From 9259b25b8bc0f181ed8db1d9ef00f433378d7b2b Mon Sep 17 00:00:00 2001
From: Abelardo Moralejo <moralejo@ifae.es>
Date: Wed, 15 Jan 2025 11:35:32 +0100
Subject: [PATCH 38/45] Include run number in message

---
 lstchain/image/cleaning.py | 2 +-
 1 file changed, 1 insertion(+), 1 deletion(-)

diff --git a/lstchain/image/cleaning.py b/lstchain/image/cleaning.py
index ba5b023a64..9acf34b77f 100644
--- a/lstchain/image/cleaning.py
+++ b/lstchain/image/cleaning.py
@@ -195,7 +195,7 @@ def find_tailcuts(input_dir, run_number):
         qped = np.nan
         qped_dev = np.nan
         additional_nsb_rate = np.nan
-        log.error('No valid computation was possible with any of the processed subruns!')
+        log.error('No valid computation was possible for run {run_number} with any of the processed subruns!')
         return qped, additional_nsb_rate, None
 
     qped = np.nanmedian(median_ped_qt95_pix_charge[good_stats])

From 69cef5c9684693dac4408ca8446d6c0b6d74bc56 Mon Sep 17 00:00:00 2001
From: Abelardo Moralejo <moralejo@ifae.es>
Date: Wed, 15 Jan 2025 11:36:57 +0100
Subject: [PATCH 39/45] Fix log message

---
 lstchain/image/cleaning.py | 2 +-
 1 file changed, 1 insertion(+), 1 deletion(-)

diff --git a/lstchain/image/cleaning.py b/lstchain/image/cleaning.py
index 9acf34b77f..005f23c476 100644
--- a/lstchain/image/cleaning.py
+++ b/lstchain/image/cleaning.py
@@ -195,7 +195,7 @@ def find_tailcuts(input_dir, run_number):
         qped = np.nan
         qped_dev = np.nan
         additional_nsb_rate = np.nan
-        log.error('No valid computation was possible for run {run_number} with any of the processed subruns!')
+        log.error(f'No valid computation was possible for run {run_number} with any of the processed subruns!')
         return qped, additional_nsb_rate, None
 
     qped = np.nanmedian(median_ped_qt95_pix_charge[good_stats])
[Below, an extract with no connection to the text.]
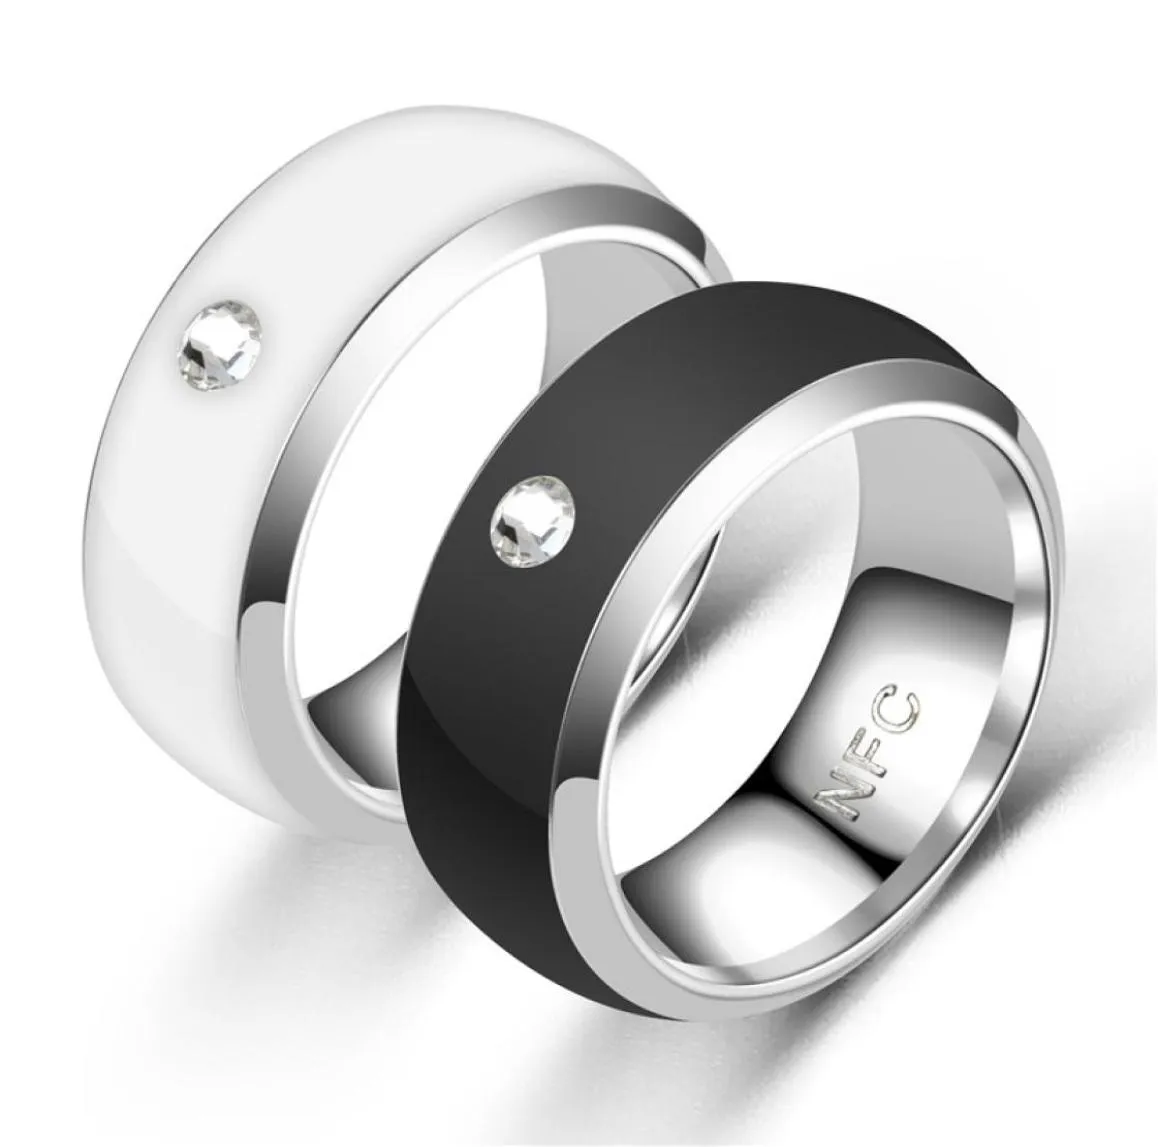 Men039s Ring New Technology NFC Smart Finger Digital Ring for Android Phones with Functional Couple Stainless Steel Rings8142589

From 0b0eebb84d4acc90ed4e90022e9fe636b4278015 Mon Sep 17 00:00:00 2001
From: Abelardo Moralejo <moralejo@ifae.es>
Date: Thu, 23 Jan 2025 09:35:04 +0100
Subject: [PATCH 40/45] Remove unused "tailcut" settings

To avoid confusion, we set the "tailcut" setting in the json file (which is not used later) to {} (empty), rather than the default 8,4 (picture, boundary). The default appeared in the attrs of the resulting DL1 file, which may lead to confusion. The actually used settings are those in tailcuts_clean_with_pedestal_threshold
---
 lstchain/scripts/lstchain_find_tailcuts.py | 3 ++-
 1 file changed, 2 insertions(+), 1 deletion(-)

diff --git a/lstchain/scripts/lstchain_find_tailcuts.py b/lstchain/scripts/lstchain_find_tailcuts.py
index 58722771d3..0e11bf5110 100644
--- a/lstchain/scripts/lstchain_find_tailcuts.py
+++ b/lstchain/scripts/lstchain_find_tailcuts.py
@@ -80,7 +80,8 @@ def main():
   
     json_filename = Path(output_dir, f'dl1ab_Run{run_id:05d}.json')
     dump_config({'tailcuts_clean_with_pedestal_threshold': newconfig,
-                 'dynamic_cleaning': get_standard_config()['dynamic_cleaning']},
+                 'dynamic_cleaning': get_standard_config()['dynamic_cleaning'],
+                 'tailcut': {}},
                 json_filename, overwrite=True)
     log.info(f'\nMedian of 95% quantile of pedestal charge:'
              f' {median_qt95_qped:.3f} p.e.')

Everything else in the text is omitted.